• _WORK TO BE COMPLETED_: The answer must be the full listing, word for word, with no pictures in it.

*** COLLECTED MATERIAL Section Begins ***

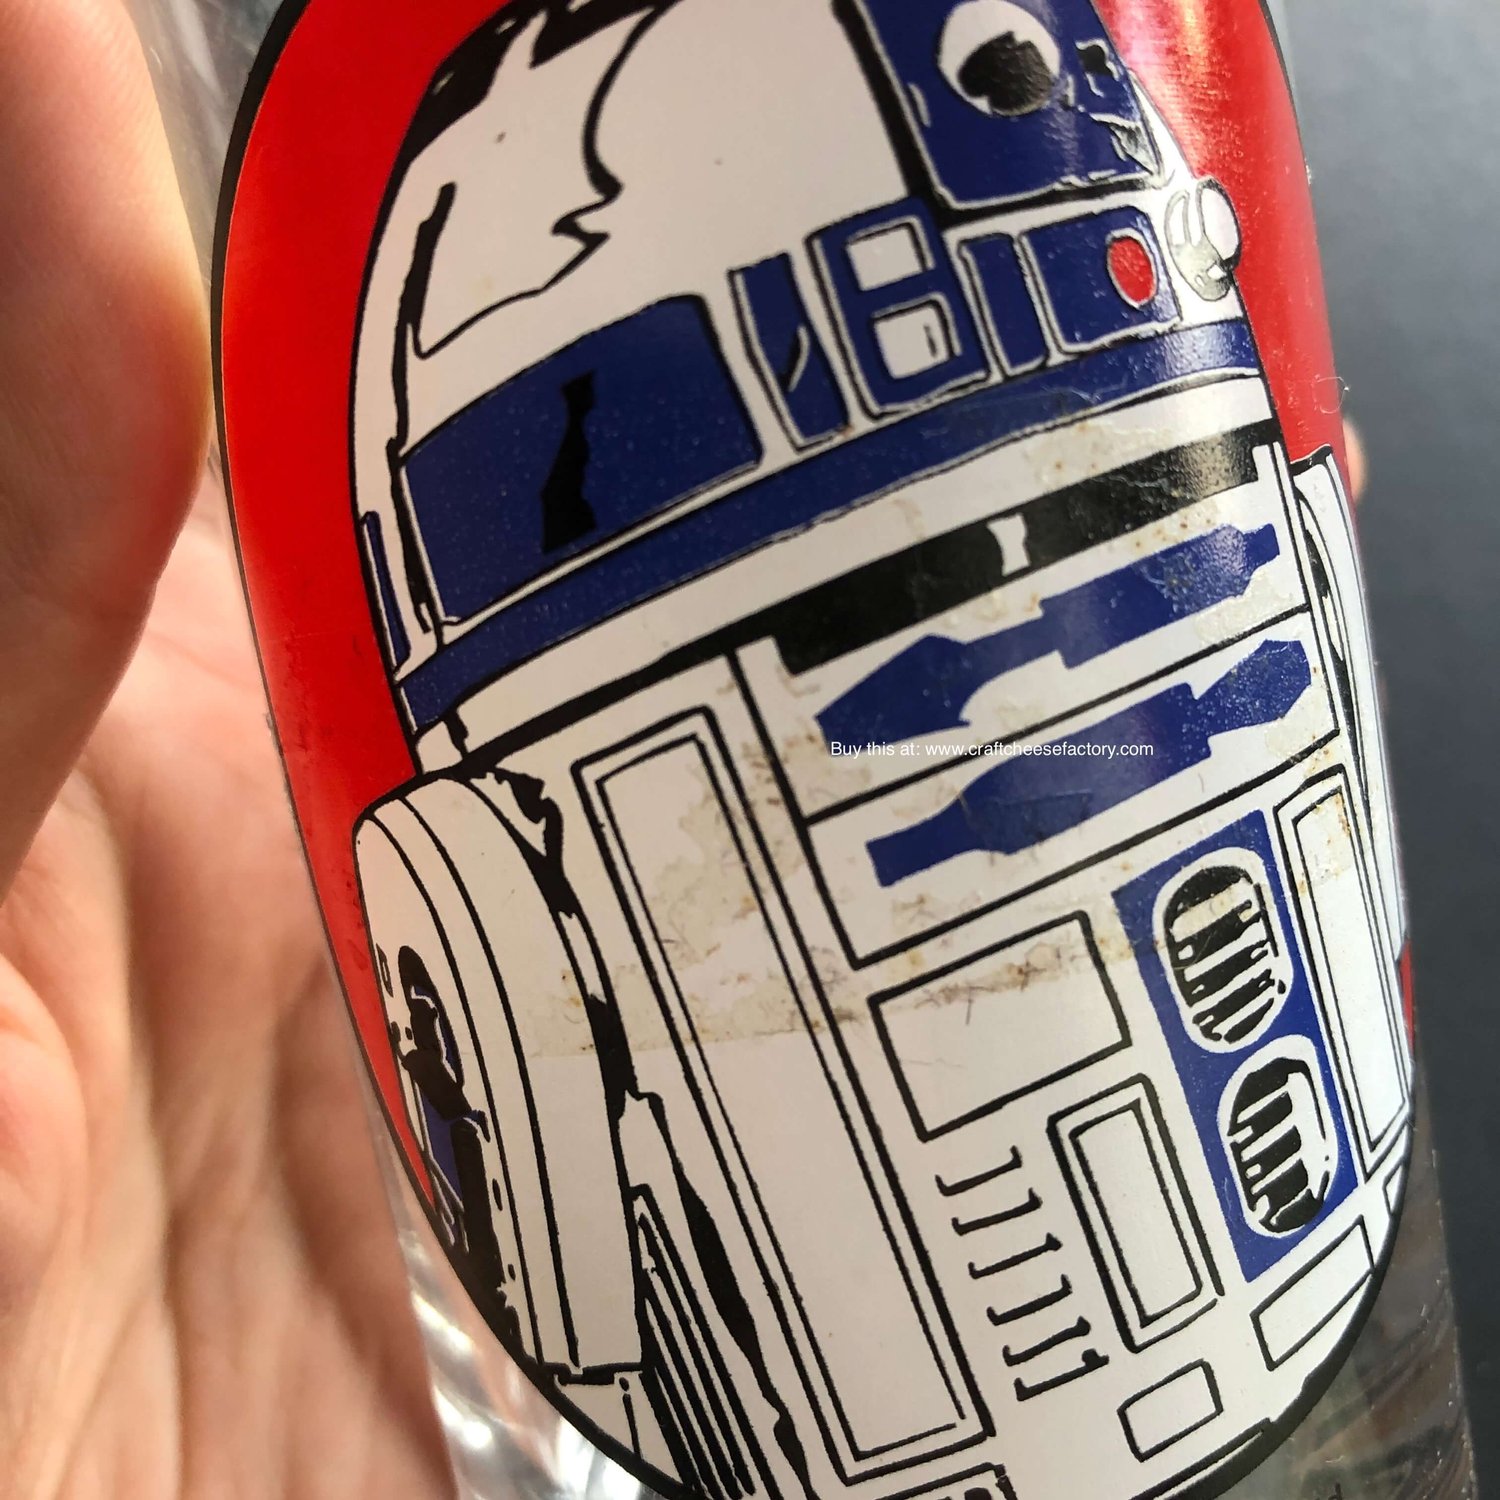 Vintage Star Wars Pepsi R2D2 drinking glass —
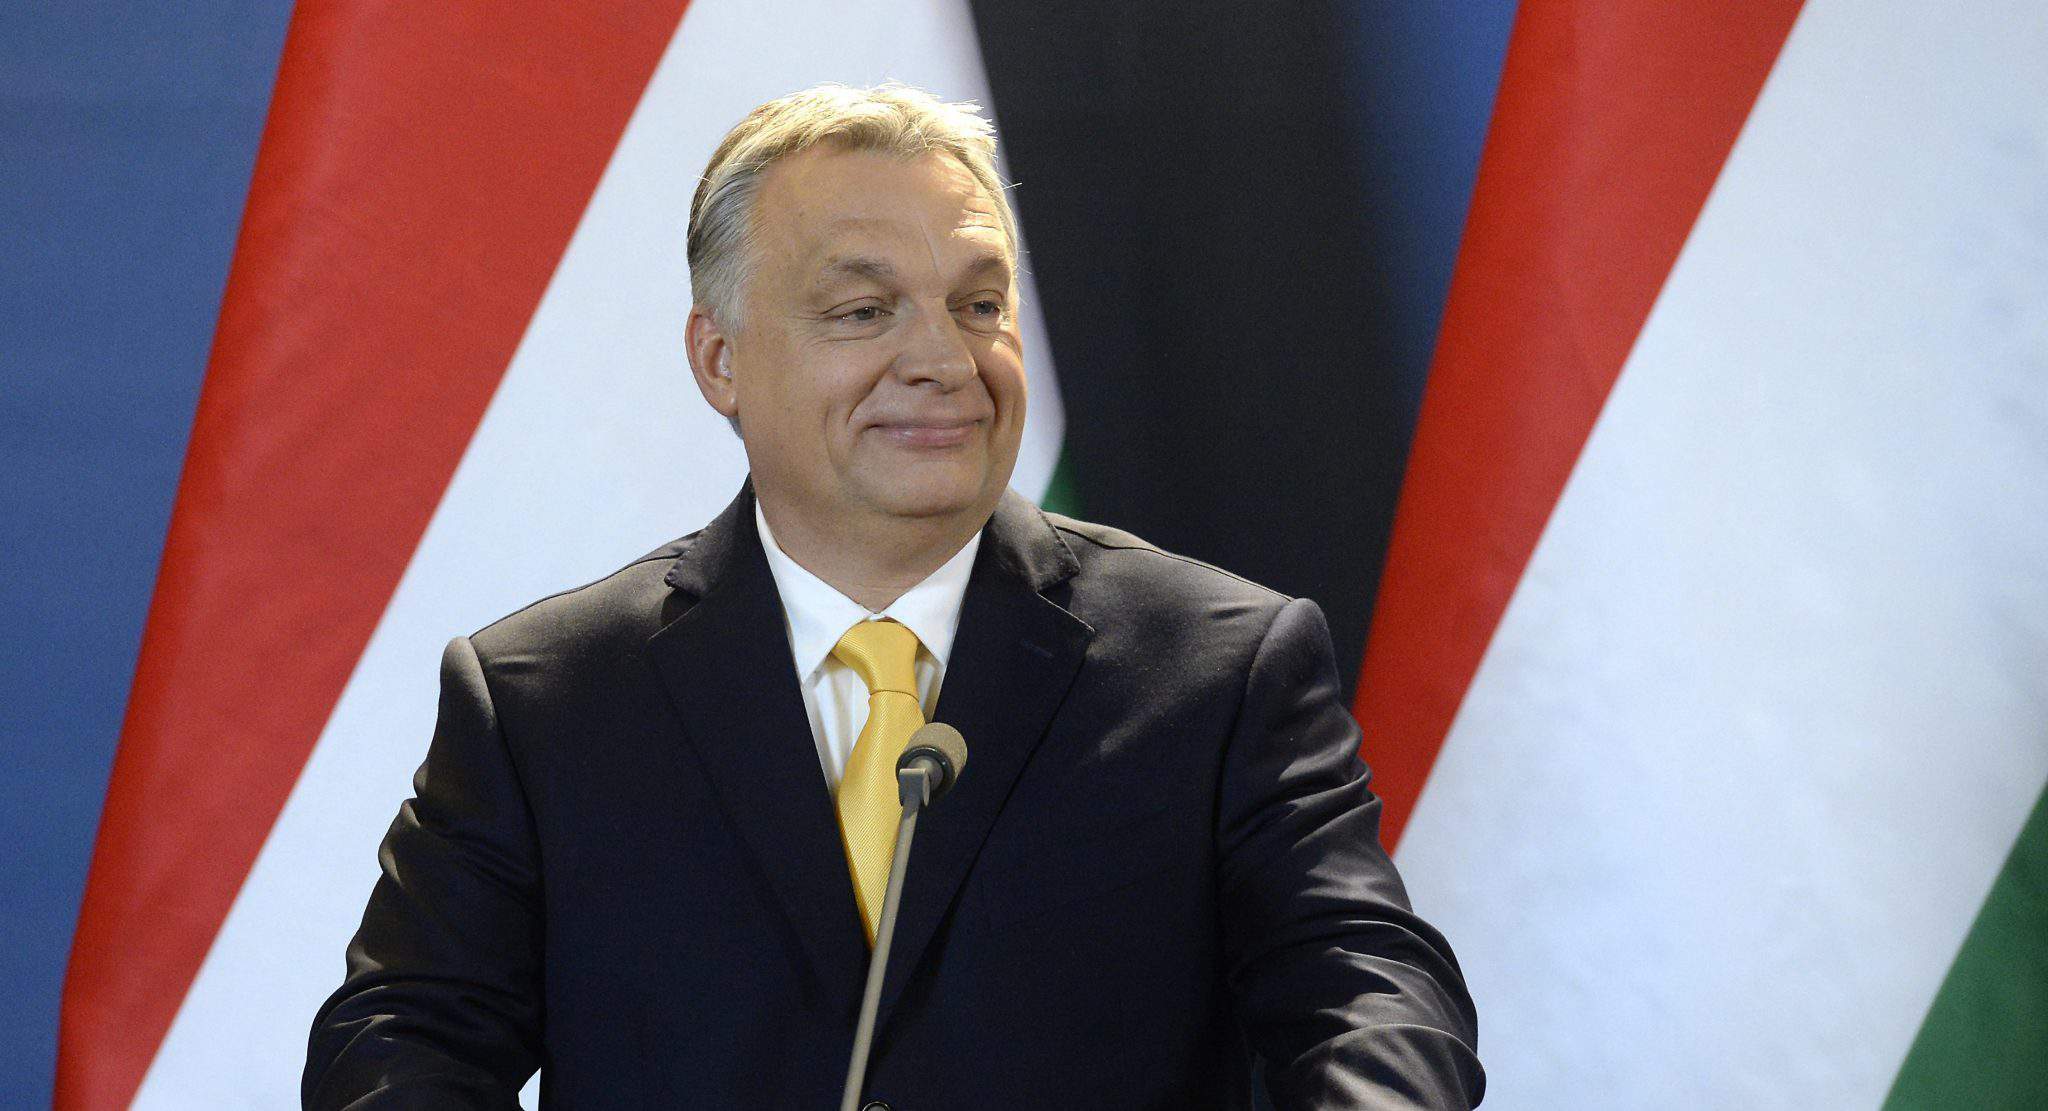 Alegerile Fidesz Viktor Orbán 2018
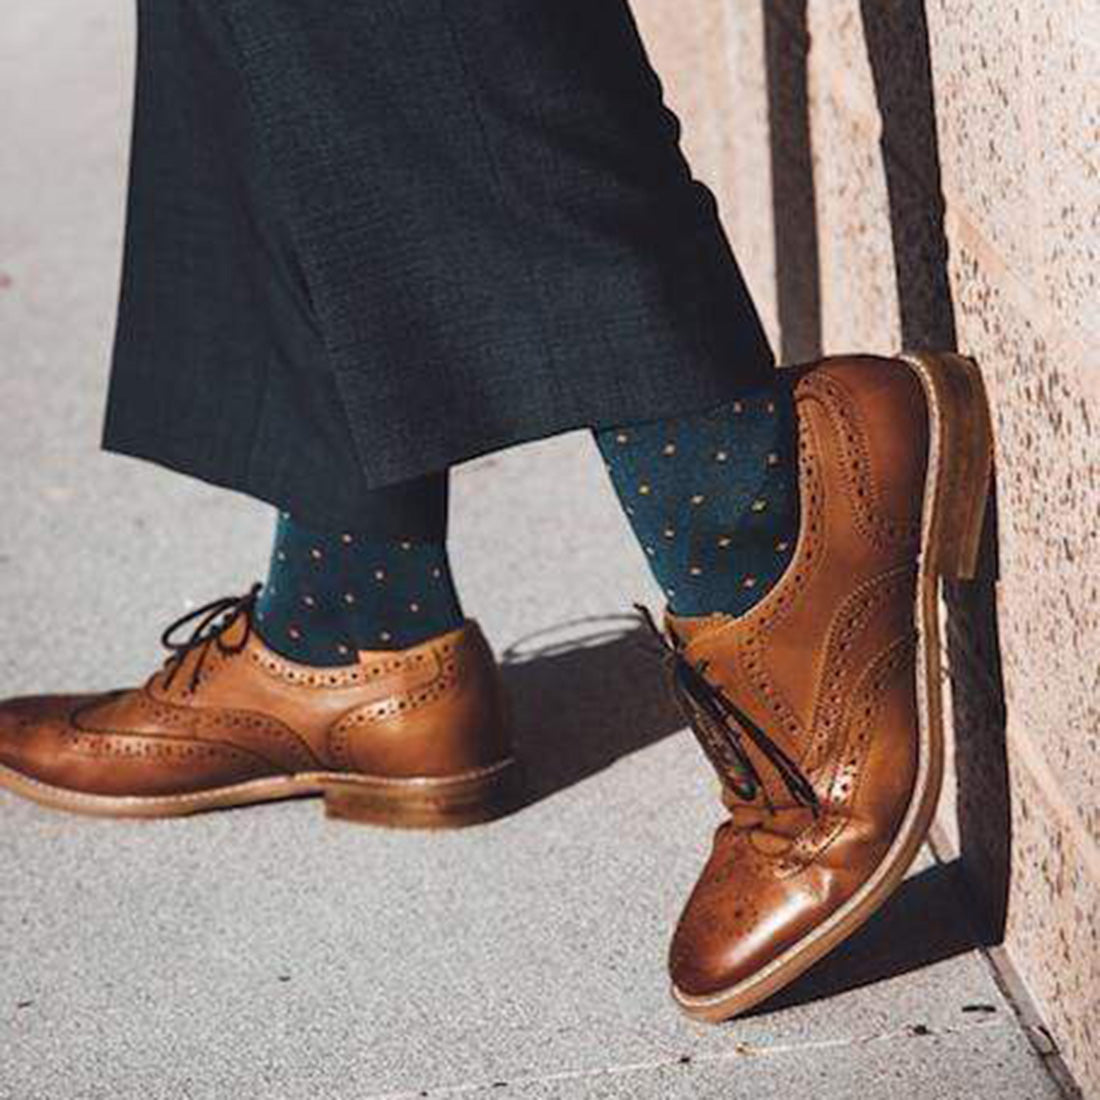 socks-spotted-orange-bamboo-socks-comfort-cuff-2.jpg

*** COLLECTED MATERIAL Section Ends ***

• _RESULT OF THIS TASK_:
 Vintage Star Wars Pepsi R2D2 drinking glass —
 Alegerile Fidesz Viktor Orbán 2018
 socks-spotted-orange-bamboo-socks-comfort-cuff-2.jpg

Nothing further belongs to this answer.